DATA:
= = = = =

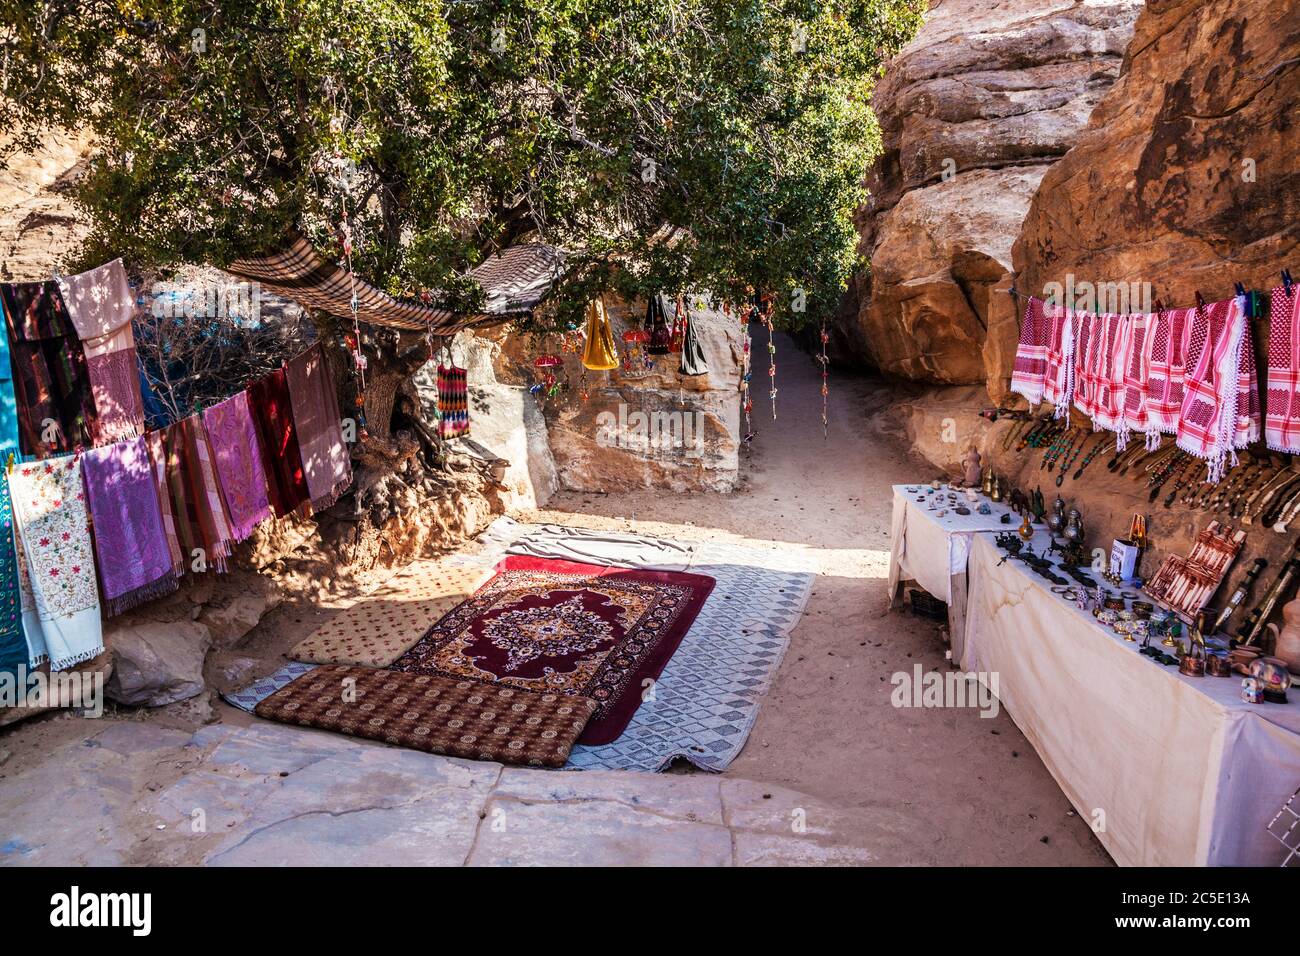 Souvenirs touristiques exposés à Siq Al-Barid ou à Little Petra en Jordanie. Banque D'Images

= = = = =

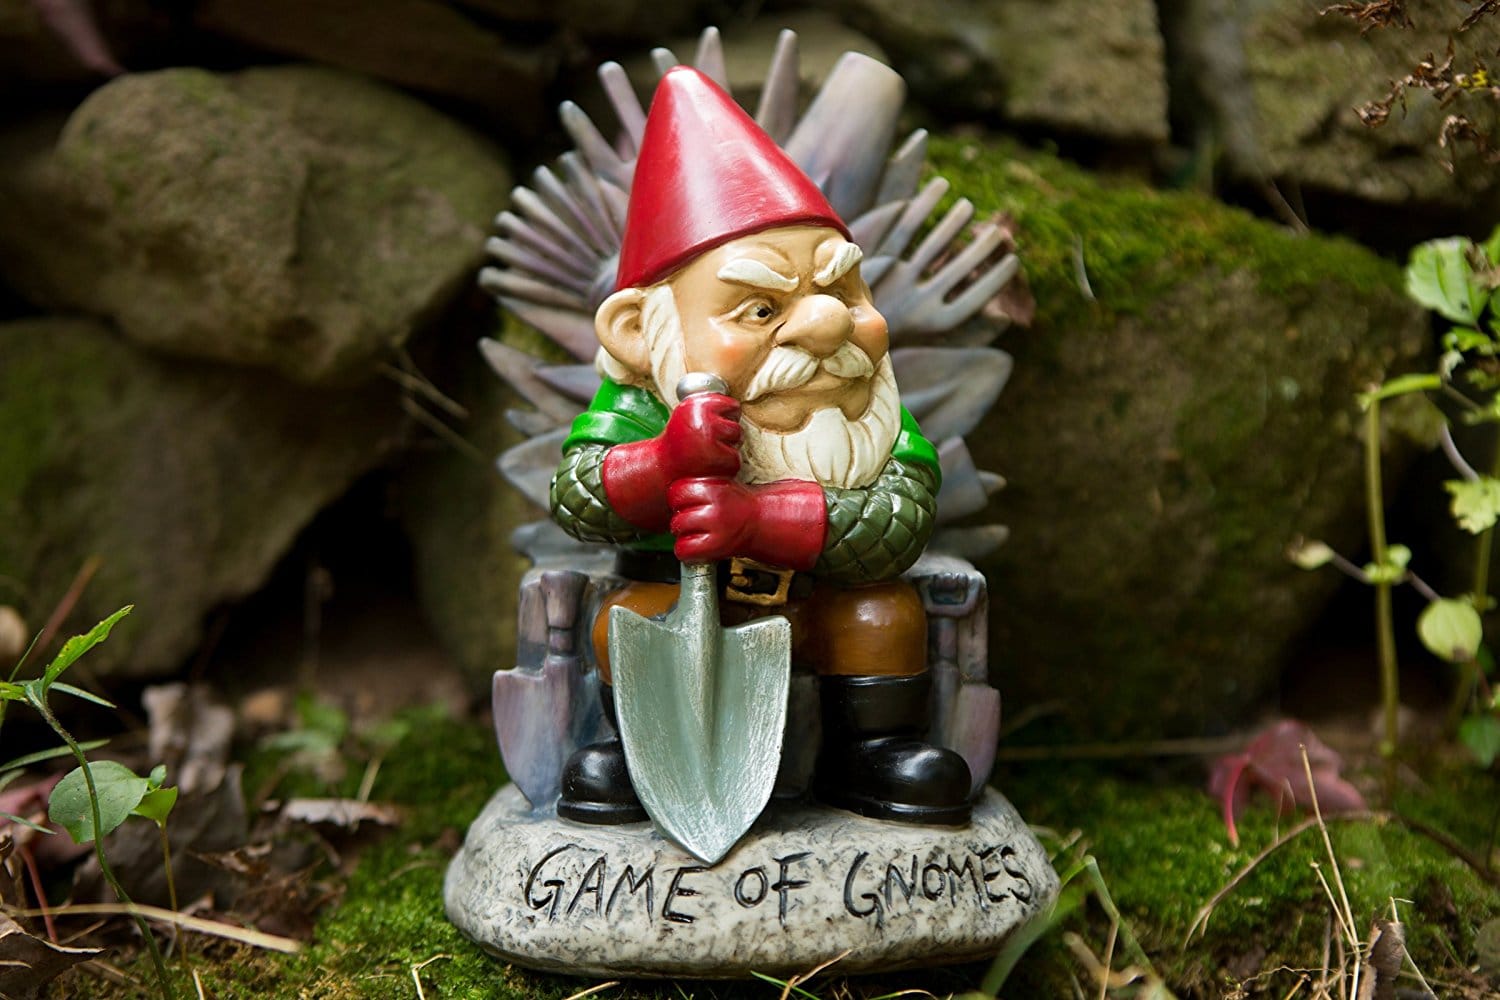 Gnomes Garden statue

= = = = =

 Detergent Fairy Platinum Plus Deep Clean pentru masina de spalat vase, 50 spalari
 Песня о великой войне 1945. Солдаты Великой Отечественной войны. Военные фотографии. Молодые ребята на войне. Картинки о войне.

= = = = =

Among the records above, only the lines between the line holding "Detergent Fairy Platinum" and the line holding "Песня о великой", inclusive, are to be output, exactly as written.

 Detergent Fairy Platinum Plus Deep Clean pentru masina de spalat vase, 50 spalari
 Песня о великой войне 1945. Солдаты Великой Отечественной войны. Военные фотографии. Молодые ребята на войне. Картинки о войне.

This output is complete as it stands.